Collected data:
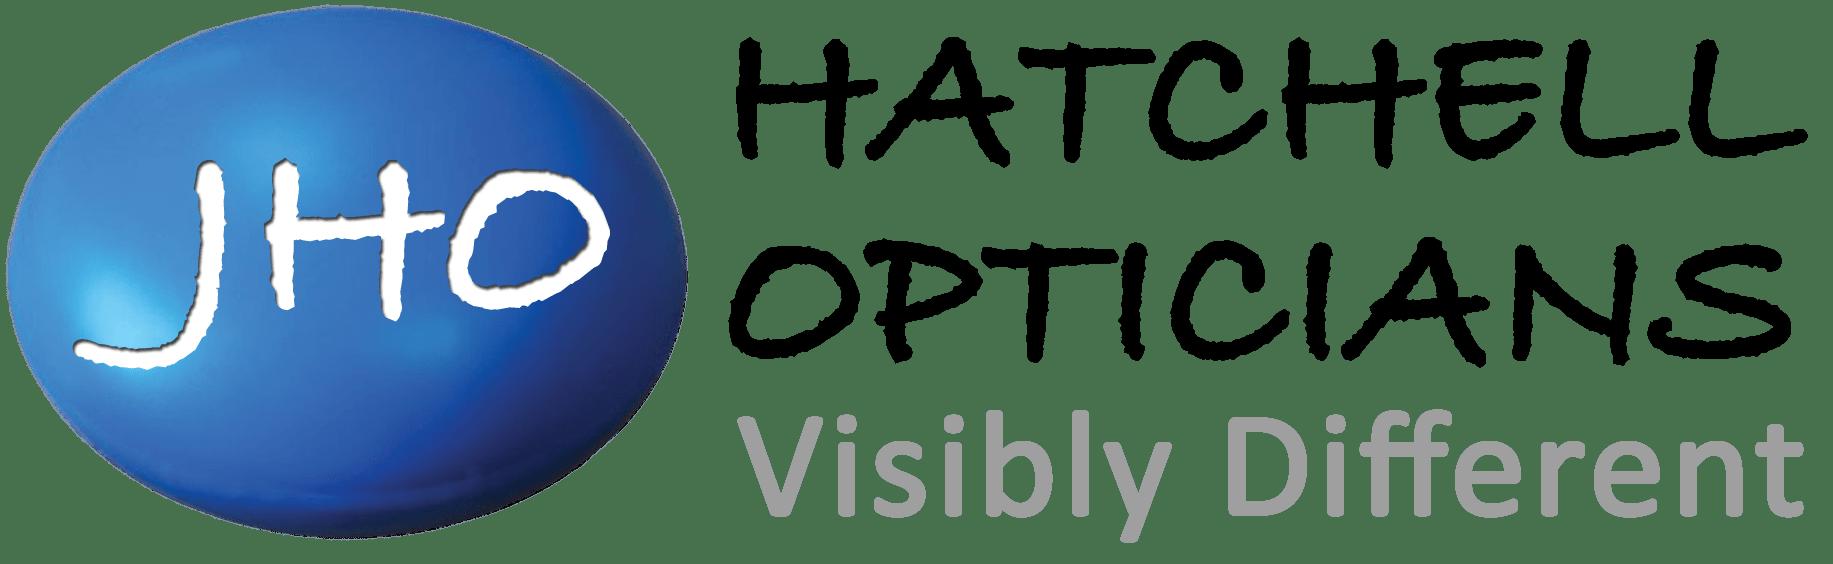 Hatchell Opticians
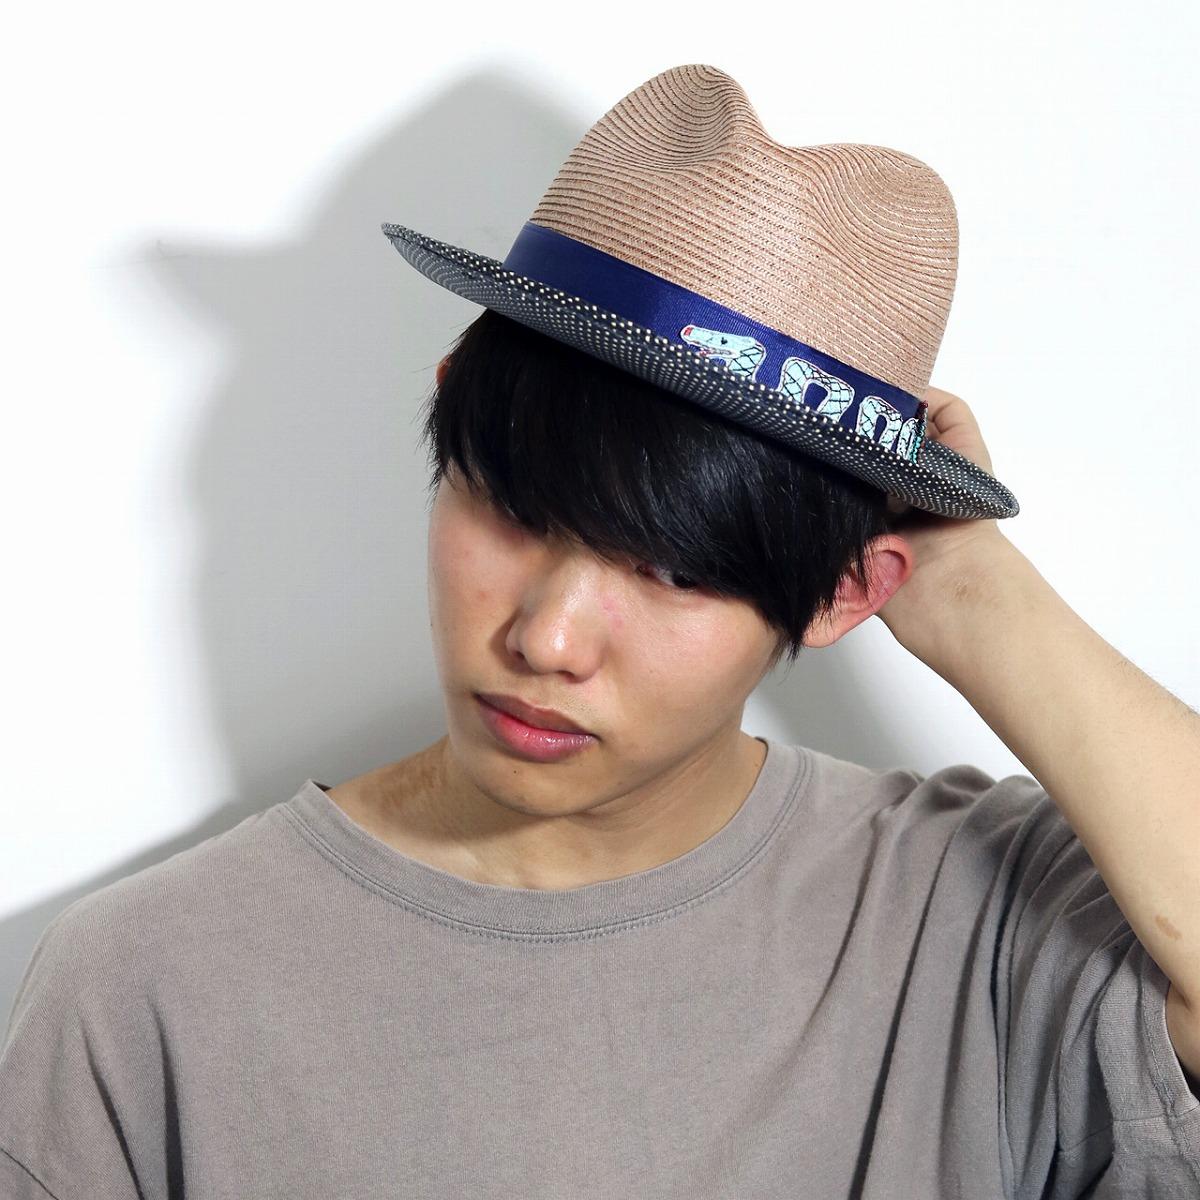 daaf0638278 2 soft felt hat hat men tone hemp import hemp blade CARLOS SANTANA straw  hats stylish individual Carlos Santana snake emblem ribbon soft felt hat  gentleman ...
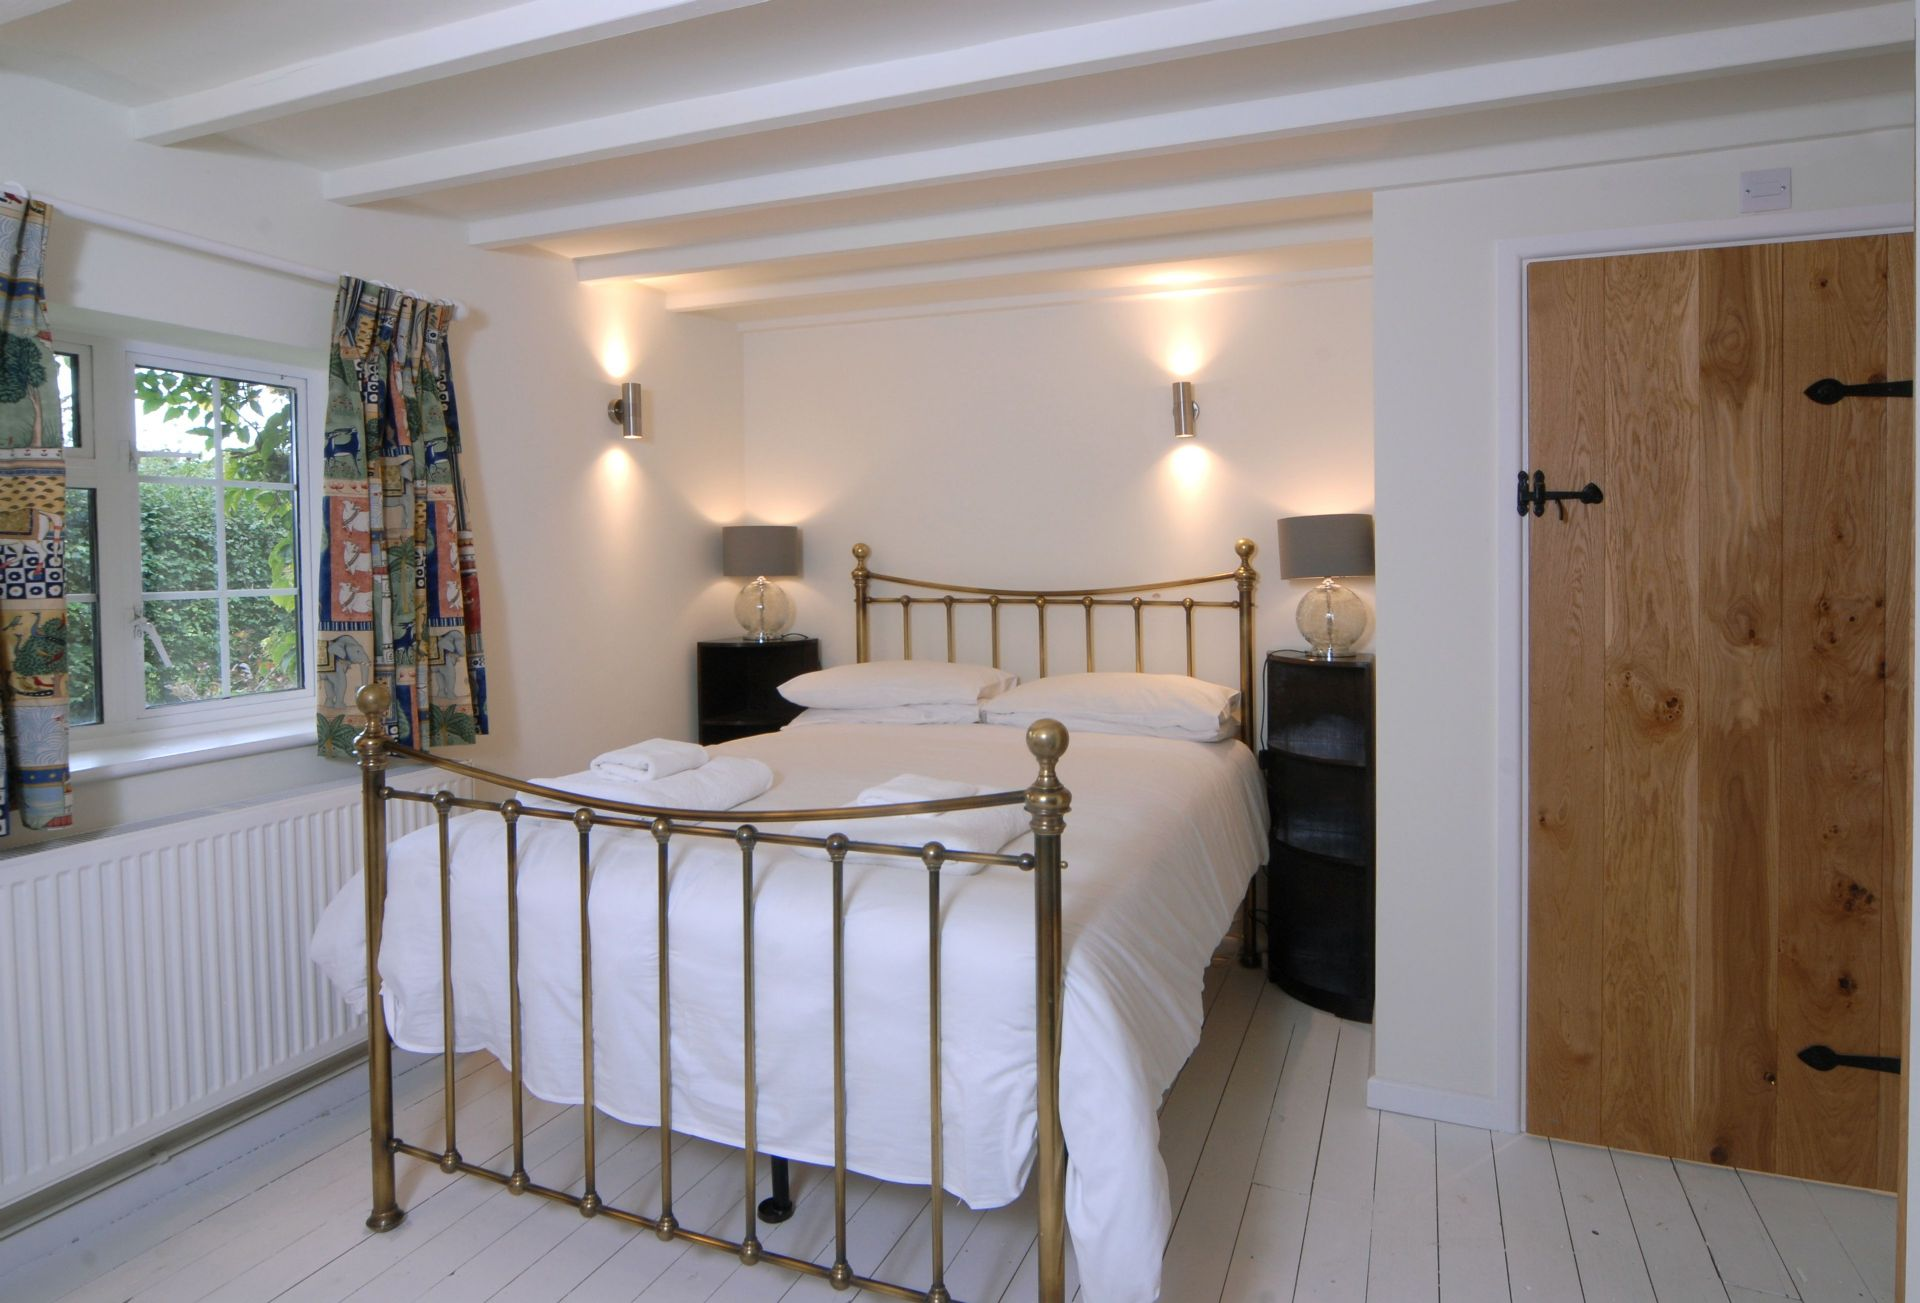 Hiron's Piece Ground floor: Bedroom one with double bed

Exercise requirements:
When you repeat the data, keep it exact and drop every picture.

Answer to this exercise:
 Hatchell Opticians
 daaf0638278 2 soft felt hat hat men tone hemp import hemp blade CARLOS SANTANA straw  hats stylish individual Carlos Santana snake emblem ribbon soft felt hat  gentleman ...
 Hiron's Piece Ground floor: Bedroom one with double bed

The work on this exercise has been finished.